- Interactive map of Arquivo Edgard Leuenroth
- 22°48′48″S 47°03′59″W﻿ / ﻿22.8134°S 47.0663°W
- Location: Rua Cláudio Abramo, 377 - Campinas
- Affiliation: University of Campinas
- Website: Official website

= Arquivo Edgard Leuenroth =

Arquivo Edgard Leuenroth is a historical and media archive that is maintained by the Brazilian State University of Campinas (Universidade Estadual de Campinas—Unicamp), located in the city of Campinas in the state of São Paulo, Brazil. It was started by a donation of the media collection assembled by Brazilian anarchist journalist and publisher Edgard Leuenroth (1881-1968).

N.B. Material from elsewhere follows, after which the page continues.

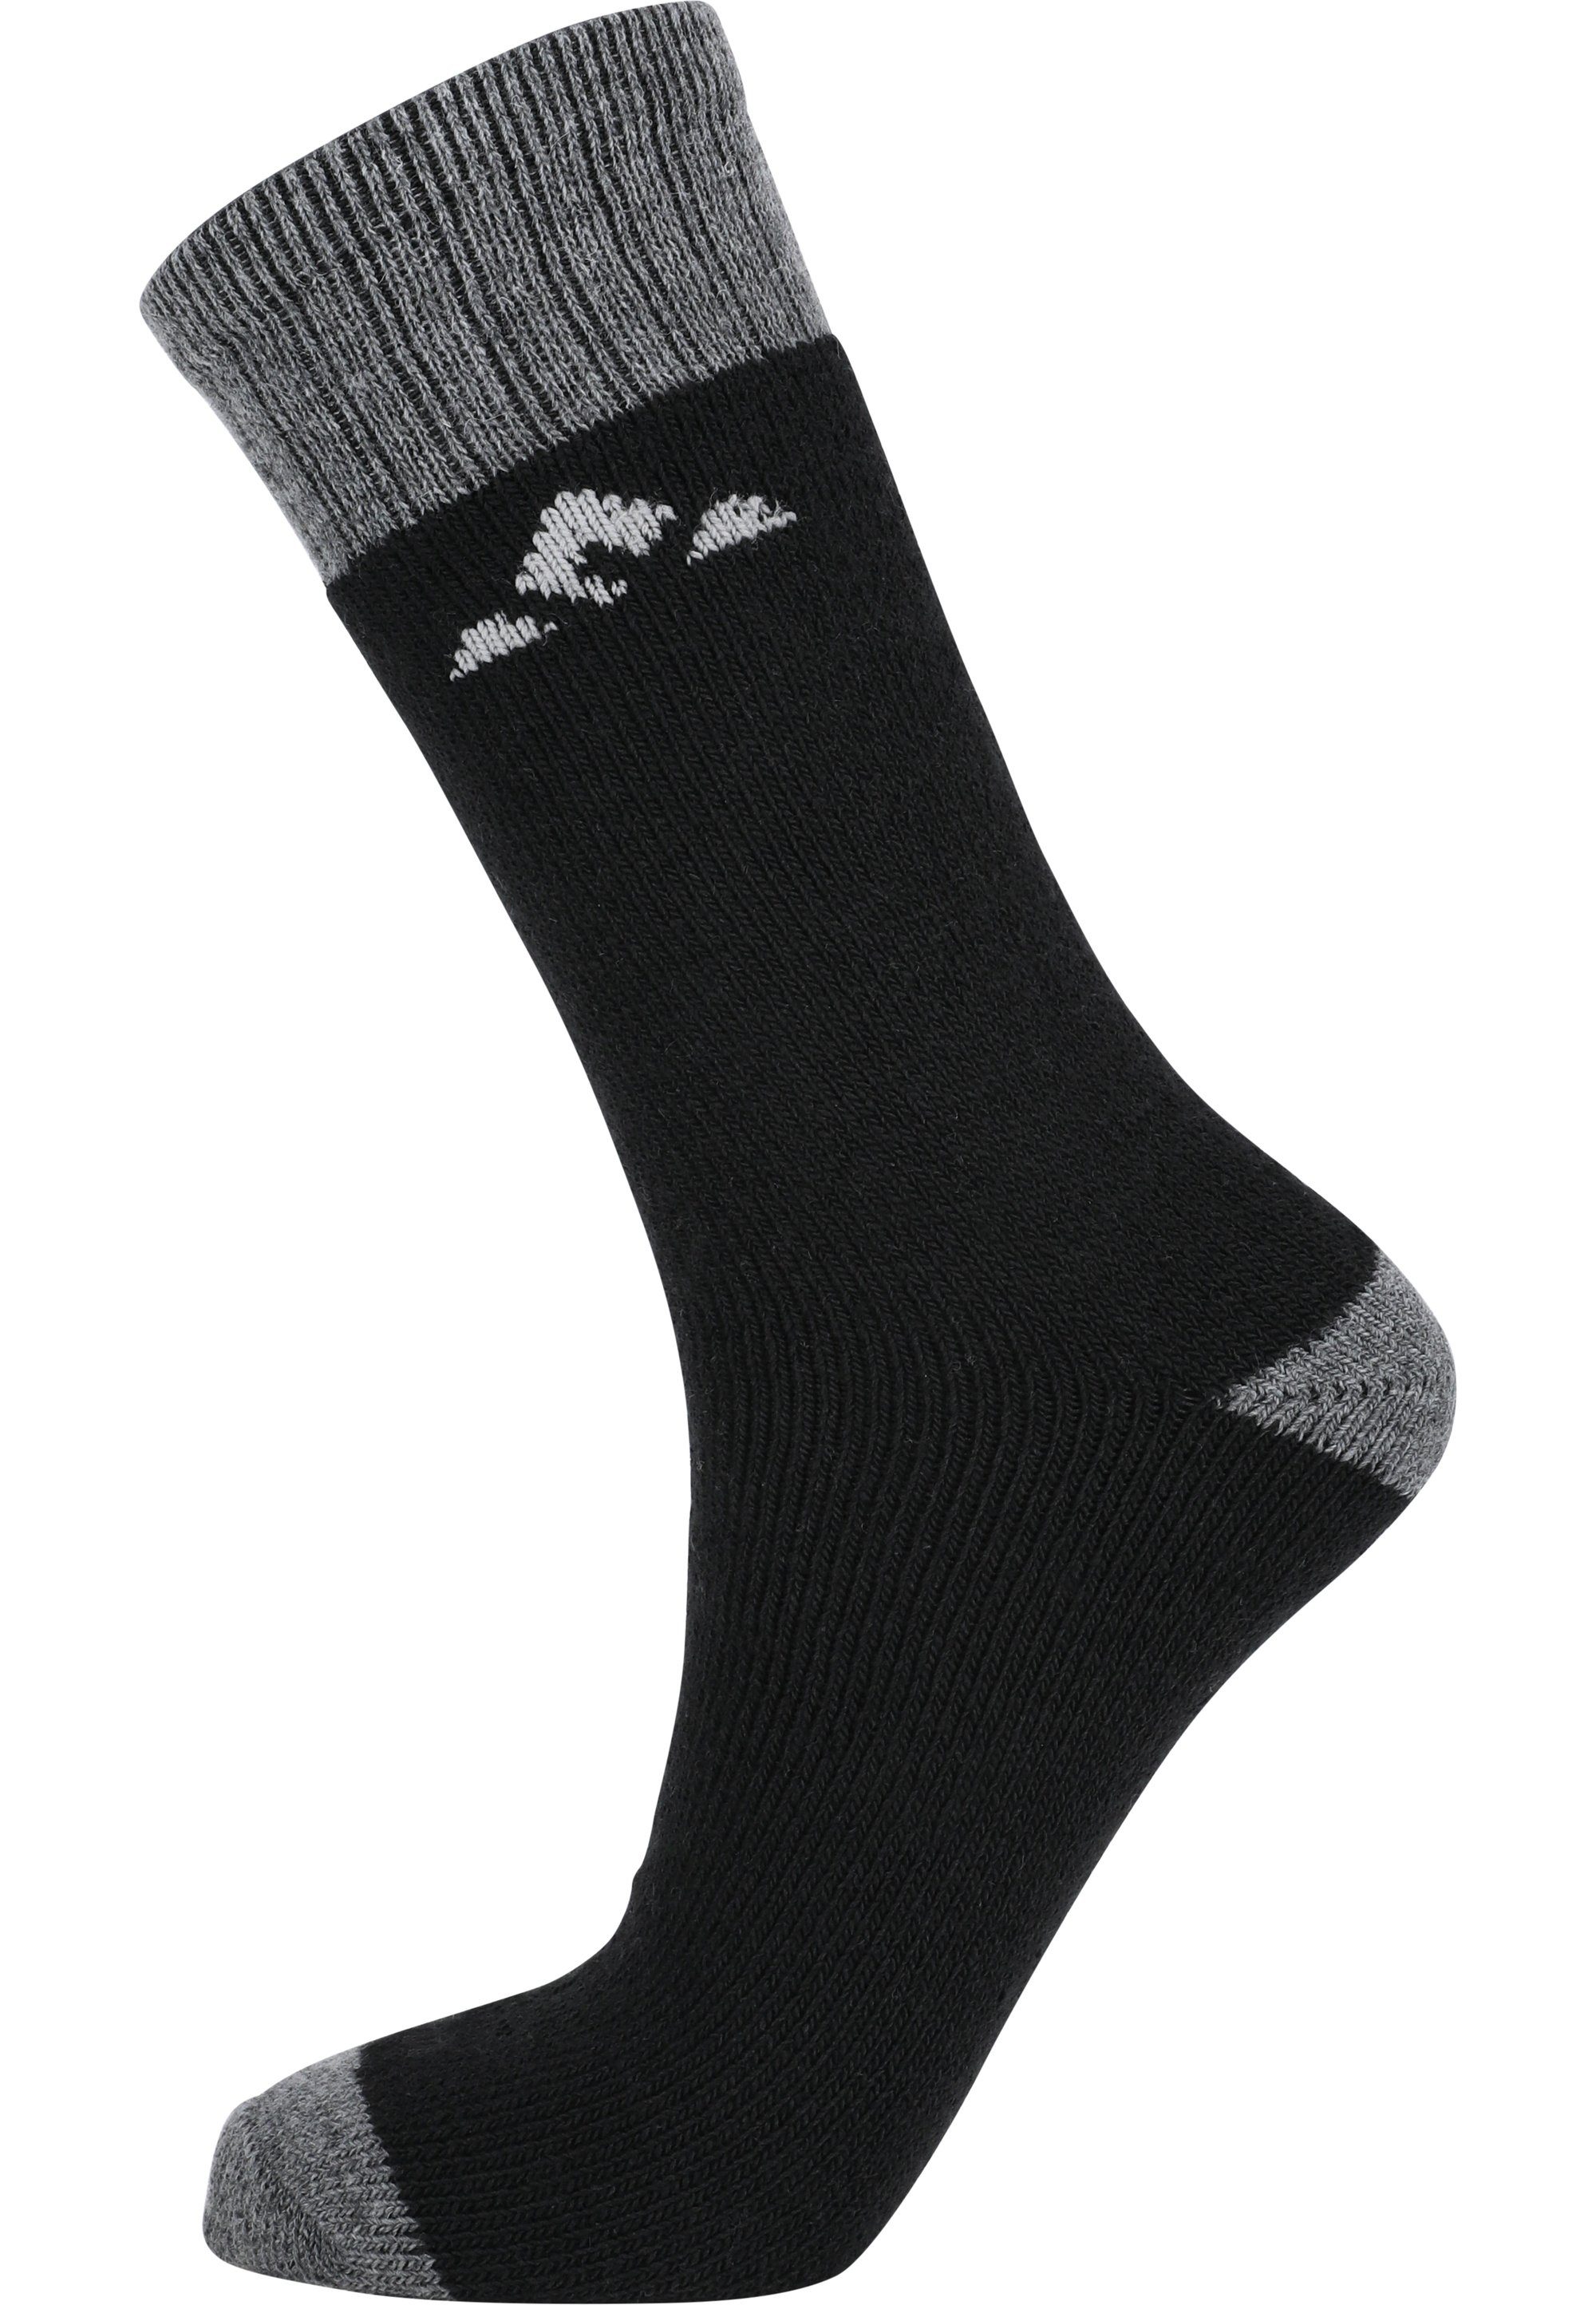 WHISTLER schwarz atmungsaktiver Funktion Socken mit Waverlou

For several months, it was housed in the university’s administration building before being transferred to the IFCH library, until it was finally established in a suitable, dedicated space with the opening of a new headquarters in 2009. Belonging to the Institute of Philosophy and Human Sciences at this university, it has been fulfilling its mission of meeting academic needs and preserving historical records of society since 1974.

The Arquivo Edgard Leuenroth has the largest collection of materials regarding social movements, counterculture, and other alternative cultural movements in Brazil. This collection is, therefore, very much appreciated by researchers from all over the world, because it presents a non-official view and understanding of Brazil in the twentieth century. Among others, the Feminist Movement (or Movimento Feminista) and the Homosexual Movement (or Movimento Homossexual, in this case, the Gay Group of Bahia), are among the many collections being maintained by the Arquivo Edgard Leuenroth of the State University of Campinas.

The collection includes 280,000 documents, 28,000 books, 854 videos, 289 films, 1,419 audio recordings and 45,000 photographs.